Seminar 31/5: Sequential Monte Carlo Mini-Symposium

posted May 22, 2017, 2:12 AM by Allison Hsiang

On Wednesday, May 31, we will be hosting a mini-symposium on Sequential Monte Carlo (SMC) at the museum. We will have two speakers, Fredrik Lindsten and Lawrence Murray, both from the Department of Information Technology at Uppsala University. The talks will take place in the morning, followed by lunch and afternoon discussion for all interested parties.


Title: Divide-and-Conquer Sequential Monte Carlo for Inference in Probabilistic Graphical Models
Speaker: Fredrik Lindsten
Date: May 31, 2017
Time: 10:00-11:00
Place: Naturhistoriska riksmuseet, Vintergatan conference room, 5th floor (near Cosmonova)

Abstract: Probabilistic graphical models (PGMs) are widely used to represent and to reason about underlying structure in high-dimensional probability distributions. We develop a framework for using sequential Monte Carlo
(SMC) methods for inference and learning in general PGMs. Structural information from the PGM is used to decompose the graph into a collection of subgraphs that can be organized in a tree. Based on this we develop a
new class of SMC samplers, Divide-and-Conquer SMC, for performing inference over the tree. We will see how this method extends the standard chain-based SMC framework to a method that naturally runs on trees. We
illustrate empirically that these approaches can outperform standard methods in terms of estimation accuracy. They also open up novel parallel implementation options and the possibility of concentrating the computational effort on the most challenging parts of the problem at hand.


Title: Software and Sequential Monte Carlo
Speaker: Lawrence Murray
Date: May 31, 2017
Time: 11:00-12:00
Place: Naturhistoriska riksmuseet, Vintergatan conference room, 5th floor (near Cosmonova)

Abstract: I will give a brief introduction to two software projects: LibBi and Birch. LibBi is used for state-space modelling on parallel and distributed computing hardware, such as multicore CPUs, GPUs and clusters, using Sequential Monte Carlo (SMC) and particle Markov chain Monte Carlo (PMCMC) methods. It is particularly effective for models with complex nonlinear dynamics, including continuous-time dynamics. Birch is its newer incarnation, currently in development. The idea of Birch is to broaden the class of models and inference methods that can be supported, beyond state-space models and SMC, moving from a model specification language to a general-purpose probabilistic programming language. I will focus in particular on the ability of Birch to solve analytically-tractable substructure in complex models.


Afternoon Discussion Session
Date: May 31, 2017
Time: 13:00-16:00
Place: Naturhistoriska riksmuseet, Sirius conference room, 5th floor (near Cosmonova)

Seminar 12/4: Gene transfers, like fossils, can date the tree of life (G. Szöllösi)

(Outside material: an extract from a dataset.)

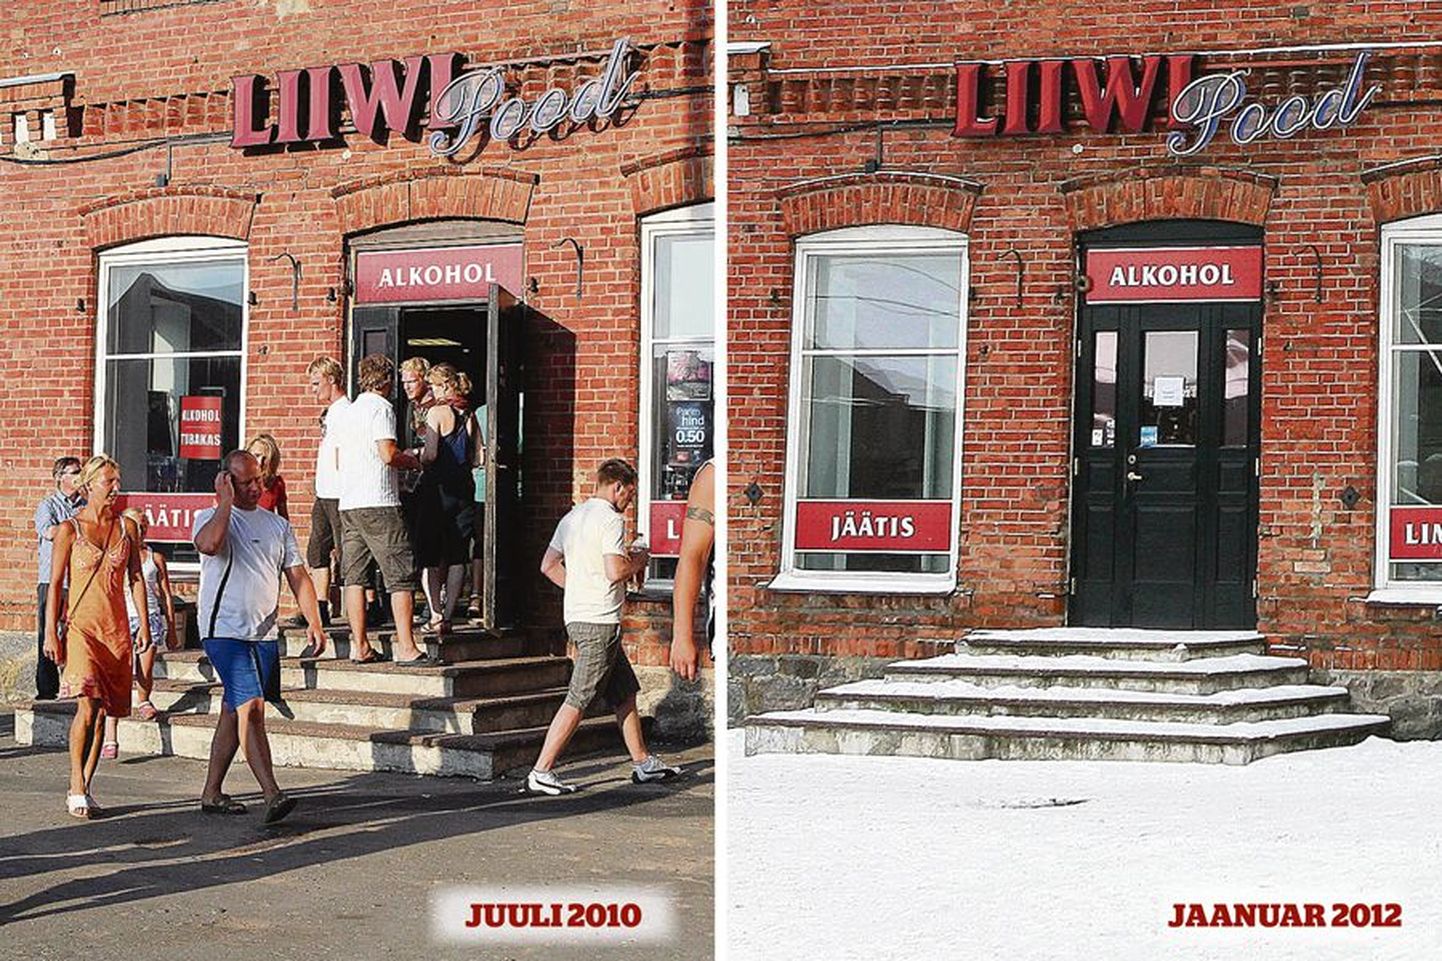 Sel ajal kui Liiwi pood veel töötas, muutus see neljal juulilõpu päeval Eesti üheks suuremaks alkoholikaupluseks. Ülejäänud ajal aastast äri kiratses ning tänavu pandi pood kinni.
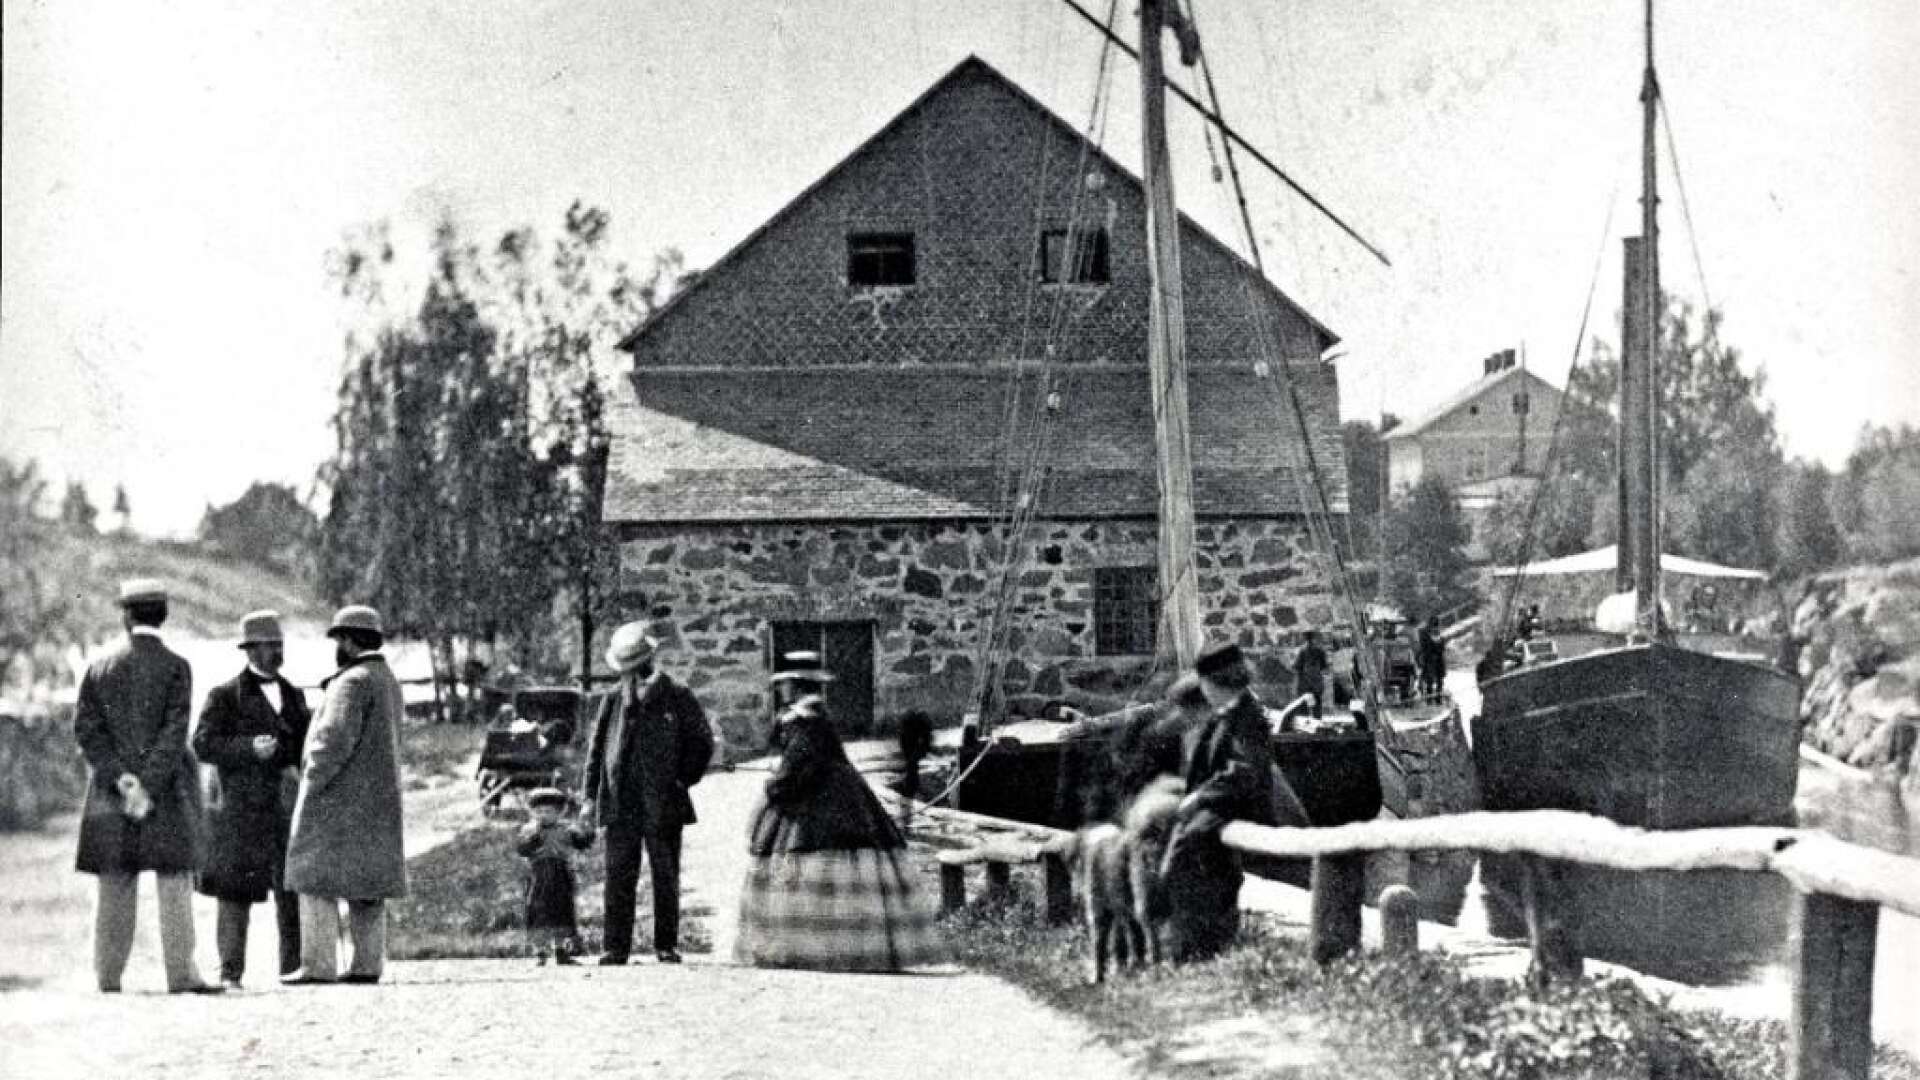 När denna bild togs är oklart, men det torde vara en av de äldsta bilderna från Säffle. Damen bär krinolin. Det kan tyda på 1860-talet. Kanske var det en fotograf på hemresa efter att ha fotograferat den stora branden i Karlstad 1865 som passerade Säffle?

posted Apr 7, 2017, 2:51 AM by Johan Nylander

Welcome to the following seminar.

Time and location: April 12, 15:00, in the Pascal room, Gamma 6,  Science for Life Laboratory.

Speaker: Gergely J. Szöllösi, Eötvös University, Hungary

Gene transfers, like fossils, can date the tree of life

The geological record provides the only source of absolute time information to date the tree of life. But most life is microbial, and most microbes do not fossilize, leading to major uncertainties about the ages of microbial groups and the timing of some of the earliest and most important events in life's evolutionary history. I discuss our recent results, which show that patterns of lateral gene transfer deduced from analysis of modern genomes encode a novel and highly informative source of information about the temporal coexistence of lineages throughout the history of life. We use new phylogenetic methods to reconstruct the history of thousands of gene families and show that dates implied by gene transfers are strongly correlated with estimates from relaxed molecular clocks in Bacteria, Archaea and Eukaryotes. A comparison with mammalian fossils shows that gene transfer in microbes is potentially as informative for dating the tree of life as the geological record in macroorganisms.

Seminar 23/2: Michael Landis

posted Feb 14, 2017, 7:08 AM by Allison Hsiang   [ updated Feb 14, 2017, 7:23 AM ]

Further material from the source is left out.